After the 2016 presidential election, the artist found herself grappling with issues of deep division. She saw it in her teaching position, noting how her students dealt with instances of blunt racism. And it showed up in her art. At its core, “COUNTRY HOUSE_” is a response to violence and abuse of power.
“Making this body of work, I was taking all that into the studio — (all) the violence that the 45 (President Donald Trump) is spreading through language and messaging, all the visual permissions for fear and violence and racism in America,” Curreri said in an interview with The Daily Californian.
It can be difficult to see how the exhibition relates to the current presidency — in what ways it serves as a response or a cry for action. The pieces are tricky to digest; they require patience, observation and consideration. As such, some might consider “COUNTRY HOUSE_” elitist, too abstract for us common people to wrangle meaning out of its collection.
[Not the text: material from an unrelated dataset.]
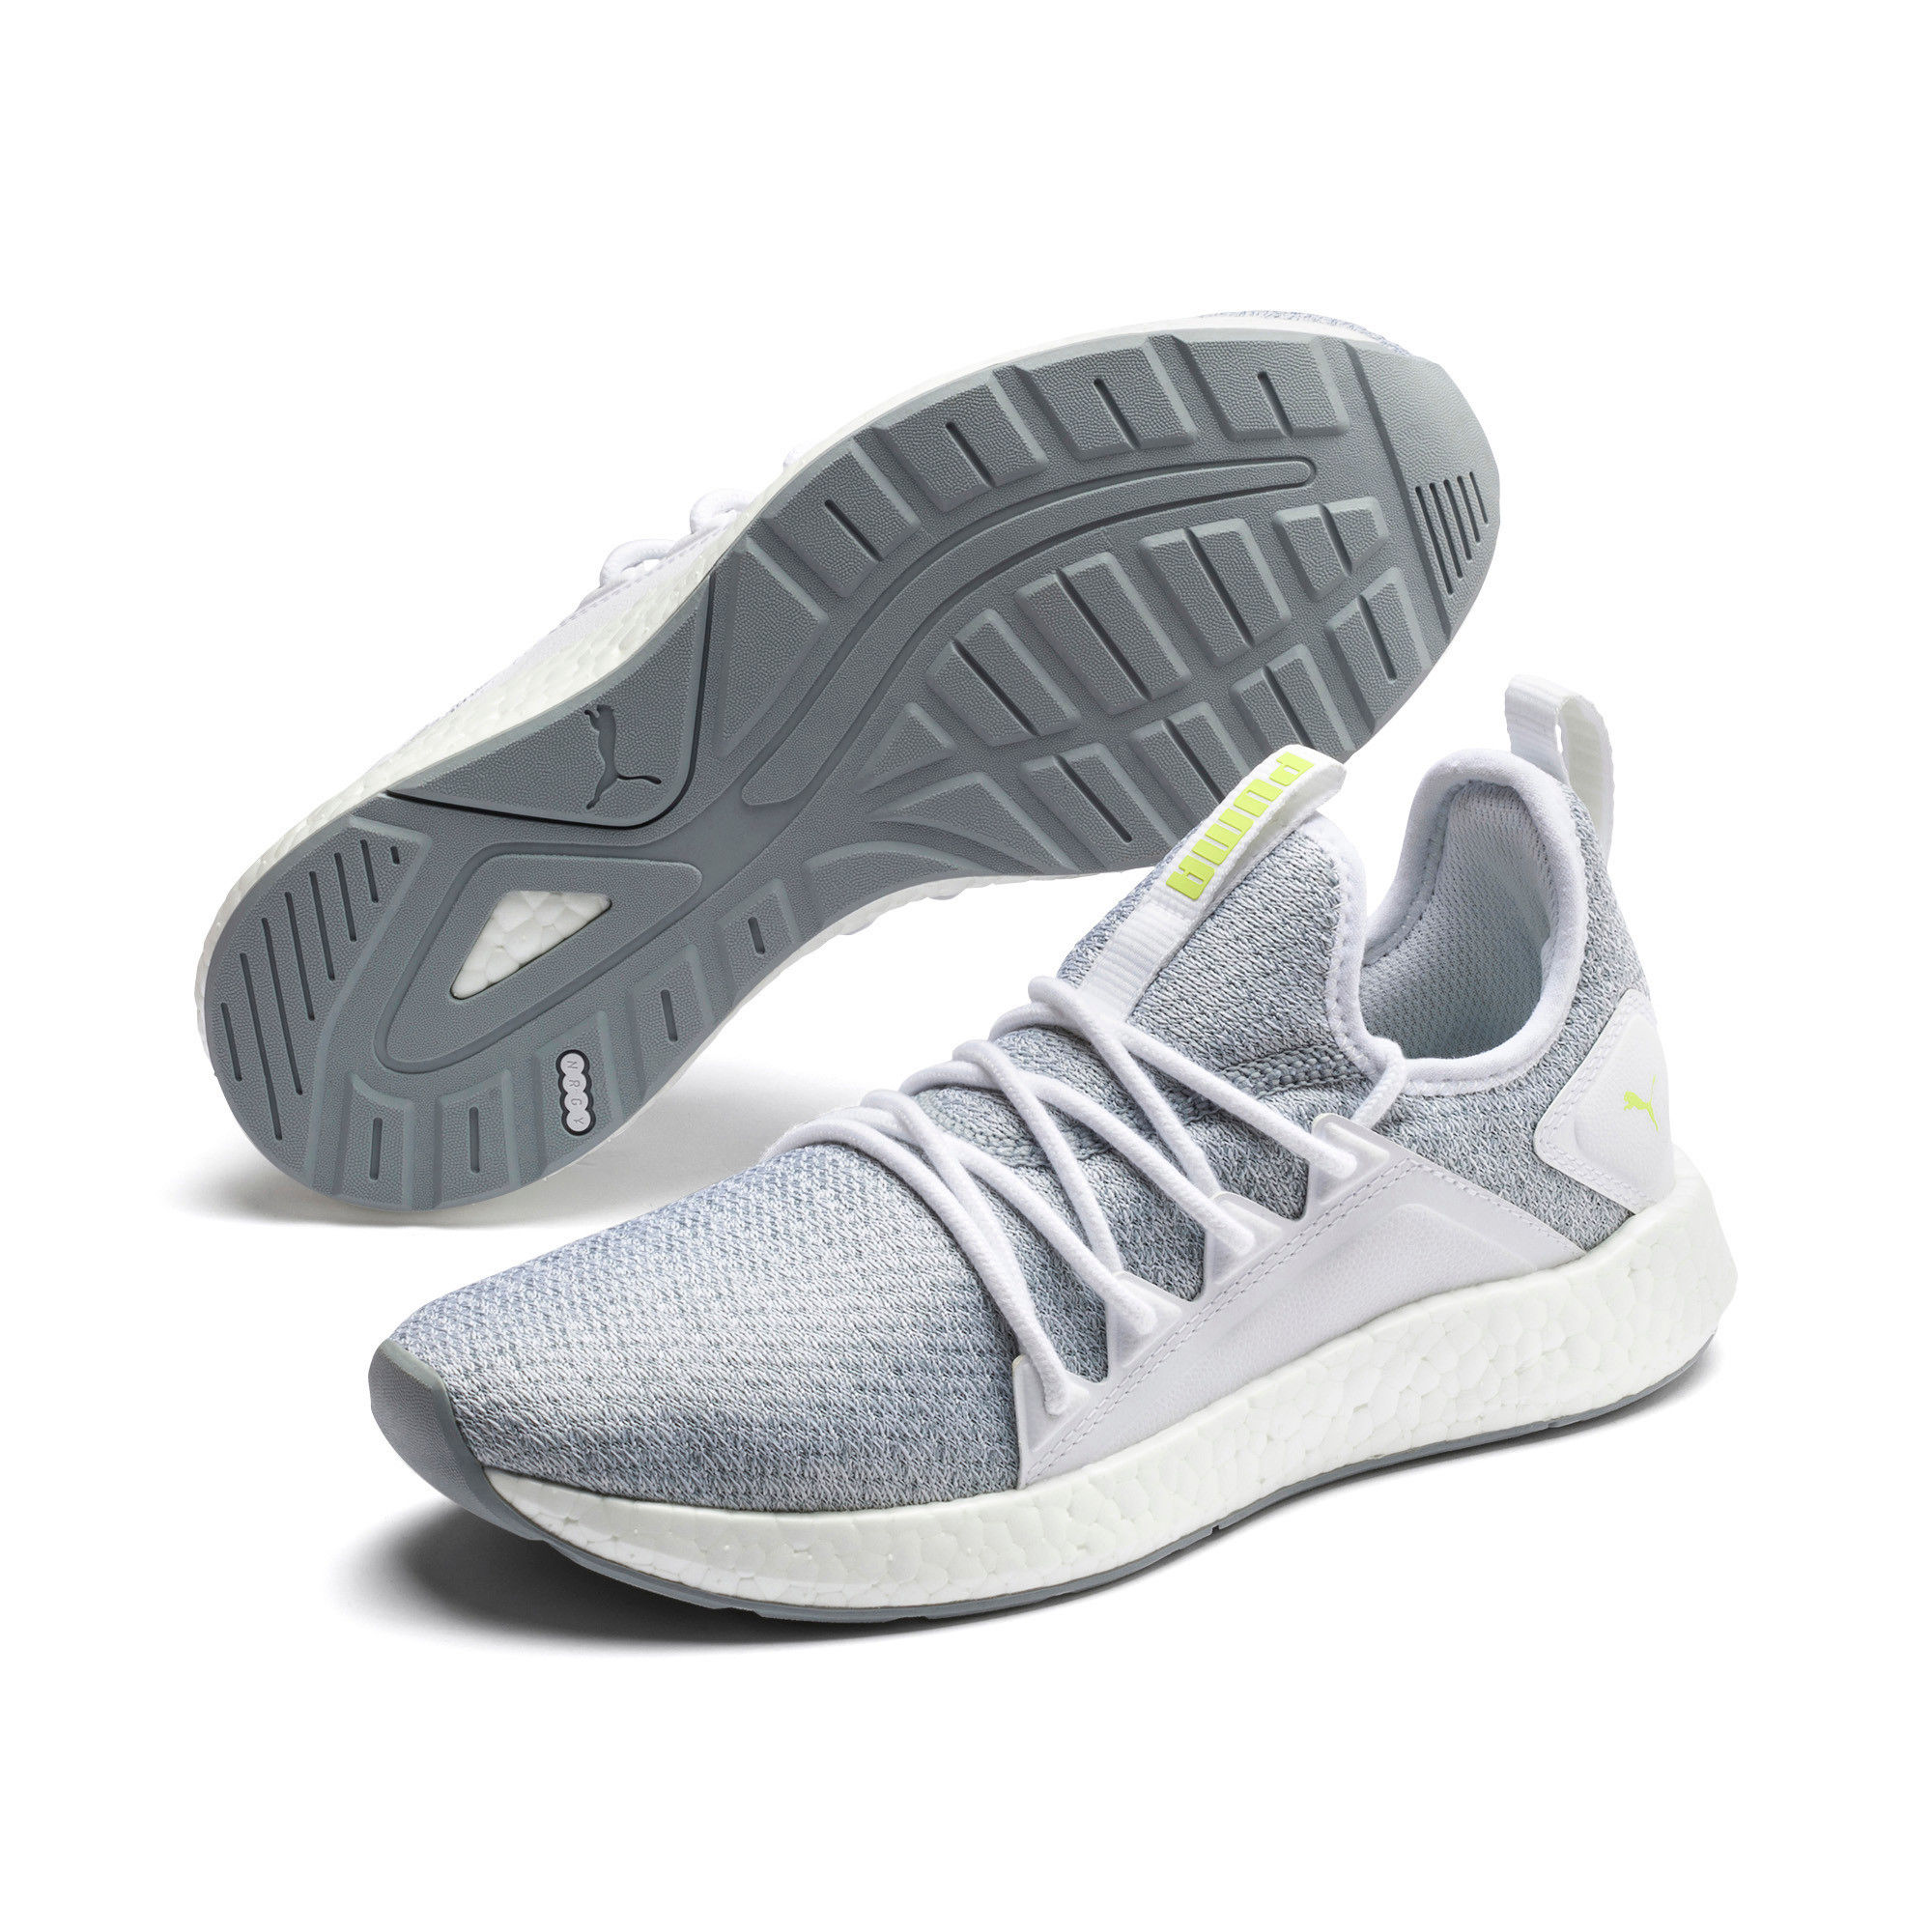 Puma NRGY Neko Knit Women's Running Shoes - White (7): Buy Puma NRGY Neko Knit Women's Running Shoes - White (7) Online at Best Price in India

Contemporary art galleries such as the Romer Young Gallery, which is hosting the exhibition, can themselves be harbingers of gentrification and displacement, touting art to which many don’t feel welcome.
The tension between Curreri’s intended message of inclusion in “COUNTRY HOUSE_” and the potential exclusiveness of the space that her art occupies, both physically and thematically, is not lost on the artist.
“That’s definitely a main concern,” Curreri agreed when I asked about the conflicting interests. And yet she considers the abstraction in her art an essential part of the experience — it’s something different from our daily inundation of media.
“Whereas in advertising, it’s very directed … with abstraction, there’s more potential for making new meanings and finding new spaces,” she pointed out.
If you look closely, many of Curreri’s works do provide legible clues — in the forms of symbols and writing — as to the artist’s intentions in creating the pieces. This, Curreri explained, is her way of maintaining distance from the sort of strict formal abstraction that she contended can be “bougie, and maybe not political.”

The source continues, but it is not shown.